With the radio communication methods according to the first example
and the second example, the handover procedure from the macro base
station MeNB to the small base station SeNB is carried out in step
S103 (or S203). In this case, in step S104 (Alternatively, step
S204), the connection between the user terminal UE and the macro
base station MeNB is disconnected, and the state of the user
terminal UE is the idle state or an equivalent state to the idle
state regarding the low frequency band carrier F1.
[0095] With the radio communication method according to the third
example, in step S103 (or S203), instead of carrying out the
handover procedure from the macro base station MeNB to the small
base station SeNB, it is equally possible to establish
communication by inter-base station carrier aggregation among the
user terminal UE, the macro base station MeNB and the small base
station SeNB. In this case, in an equivalent state to step S104 (or
step S204), the connection between the user terminal UE and the
macro base station MeNB may be set in a sleep state or a DRX state,
or a super-long DRX state.
[0096] That is, the connection between the user terminal UE and the
macro base station MeNB in step S104 (or step S204) may be in a
state in which no connection is established (an idle state or an
equivalent state to an idle state), or a state in which connection
is established but which nevertheless assumes power-save mode (a
connected state, which is nevertheless a DRX state or a super-long
DRX state).
[0097] In this way, the radio communication method according to the
third example can be combined with the radio communication methods
according to the first and second examples as appropriate.
Hereinafter, procedures that are the same as or equivalent to those
in FIG. 3A will not be described again, and parts that are
different from those in FIG. 3A will be primarily described.

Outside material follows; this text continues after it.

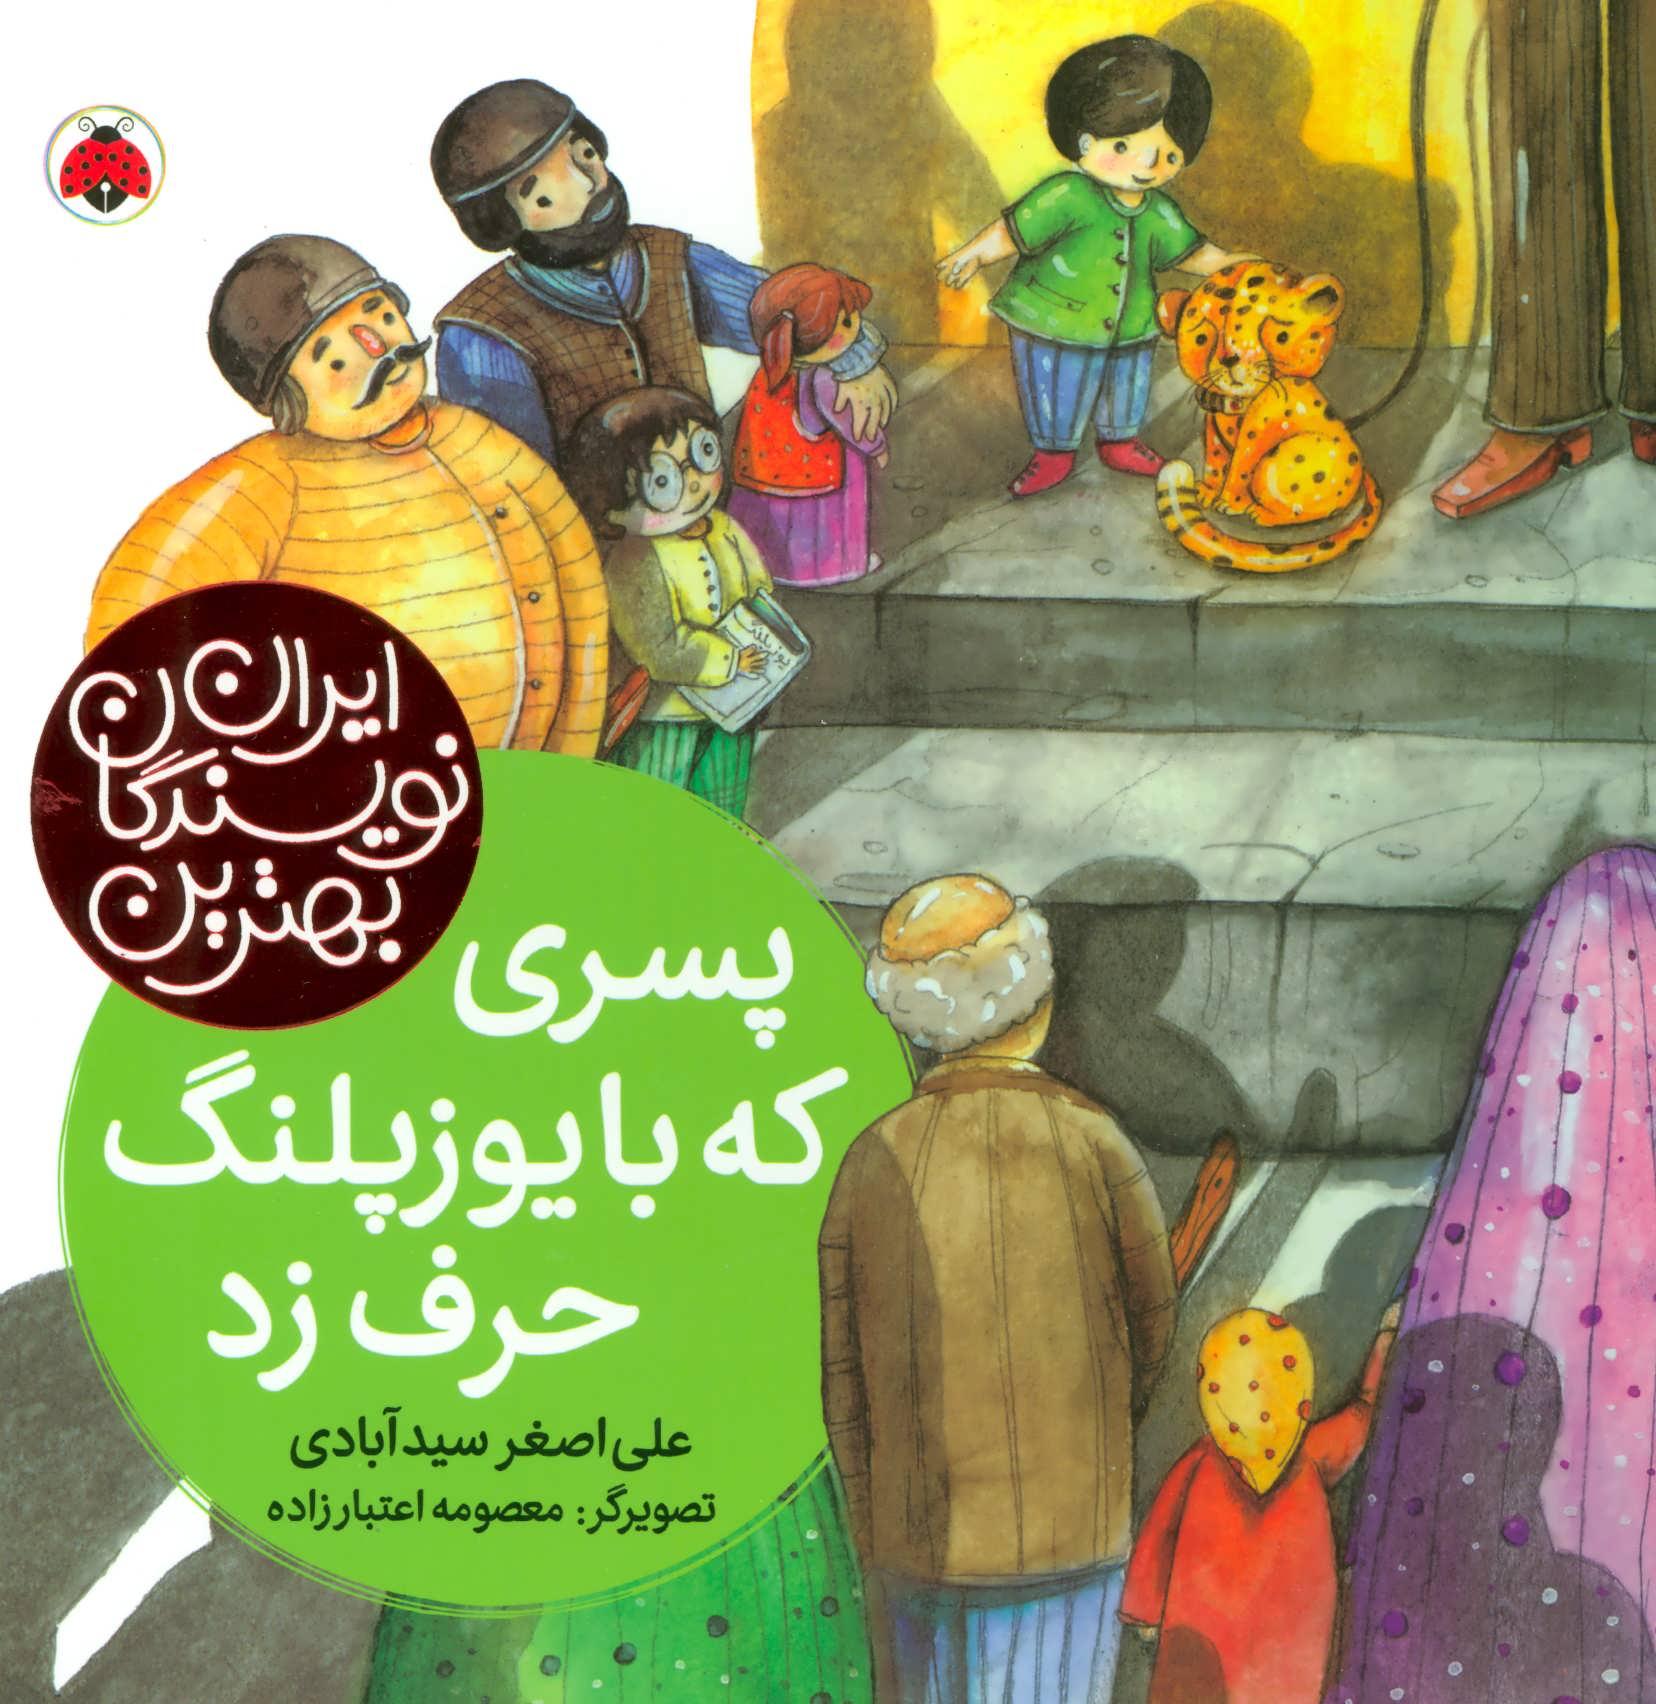 کتاب پسری که با یوزپلنگ حرف زد

Steps
S301 and S302 in FIG. 3C are the same as step S101 and step S102 in
FIG. 3A, respectively, and therefore will not be described
again.
[0098] As shown in FIG. 3C, upon detecting the small cell S in step
S302, the user terminal UE establishes connection with the small
base station SeNB, in addition to the connection with the macro
base station MeNB, and establishes a state of communicating with
the macro base station MeNB and with the small base station SeNB by
using inter-base station carrier aggregation (inter-eNB CA) (step
S303).
[0099] When the procedure of establishing the state of
communicating by using inter-base station carrier aggregation
(inter-eNB CA) in step S303 is complete, as shown in FIG. 4A, the
user terminal UE communicates with the small base station SeNB by
using the high frequency band carrier F2, and the connection with
the macro base station MeNB is placed in a sleep state, a DRX state
or a super-long DRX state. In this sleep state, DRX state, or
super-long DRX state, normal exchange of data signals with the
macro base station MeNB does not take place.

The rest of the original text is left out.